■ **WORK ORDER**
Below are several records. Retype exactly those lines running from the one with "A Constitutively Monomeric" through the one with "KITON Napoli Handmade", end lines included, and no others.

Segment Start: RECORDS FOR THE EXERCISE

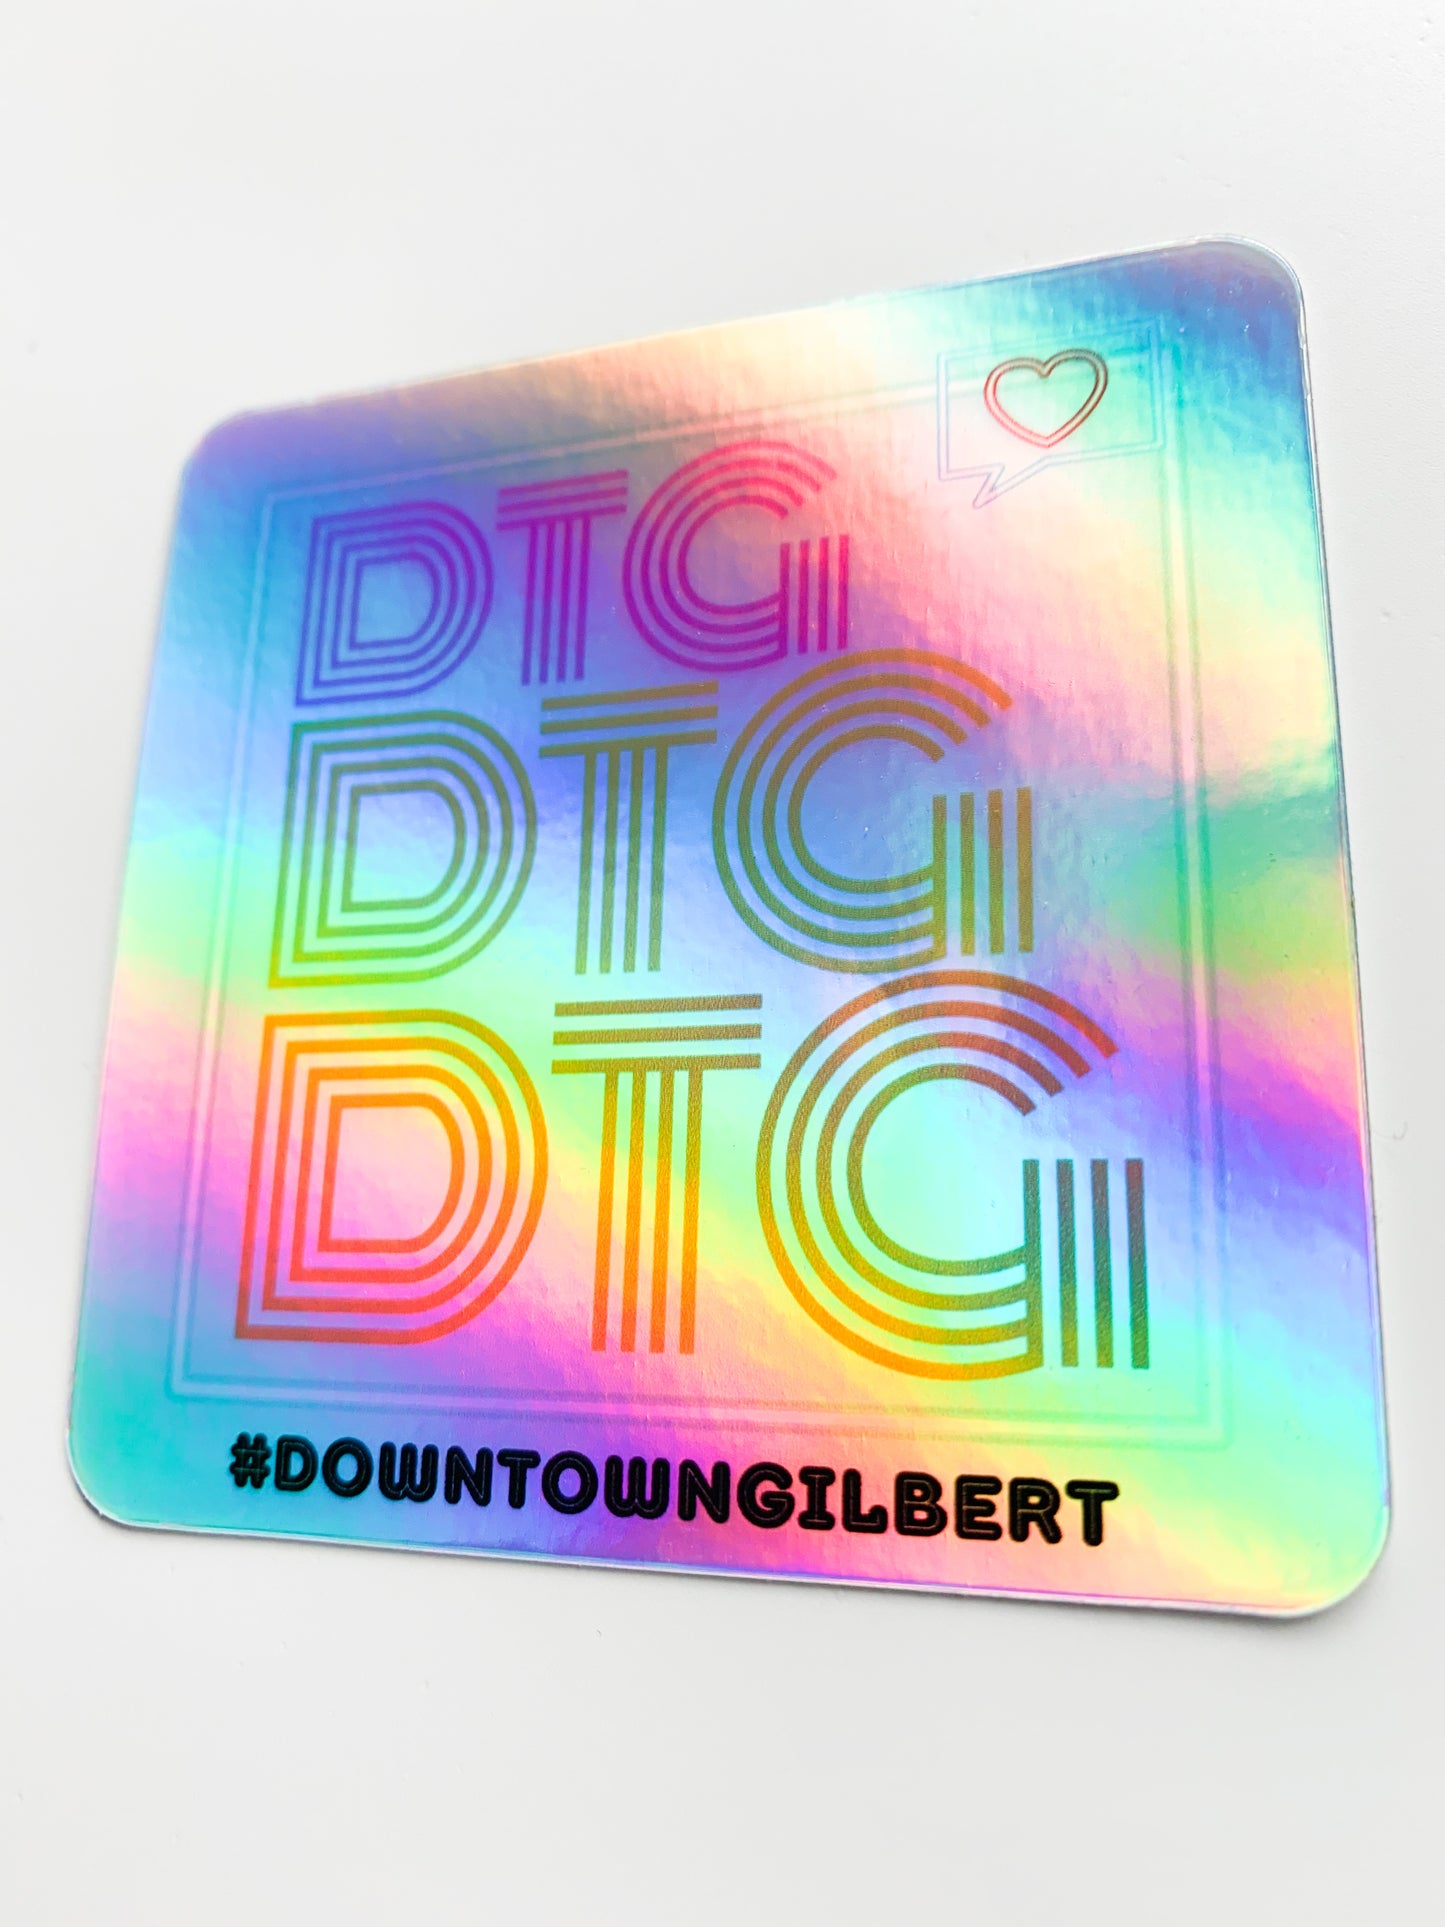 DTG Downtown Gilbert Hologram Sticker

Segment End: RECORDS FOR THE EXERCISE
Segment Start: RECORDS FOR THE EXERCISE

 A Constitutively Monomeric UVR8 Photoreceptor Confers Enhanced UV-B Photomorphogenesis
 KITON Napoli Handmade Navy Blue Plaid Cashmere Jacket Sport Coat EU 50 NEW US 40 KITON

Segment End: RECORDS FOR THE EXERCISE

■ **RESPONSE AREA**
 A Constitutively Monomeric UVR8 Photoreceptor Confers Enhanced UV-B Photomorphogenesis
 KITON Napoli Handmade Navy Blue Plaid Cashmere Jacket Sport Coat EU 50 NEW US 40 KITON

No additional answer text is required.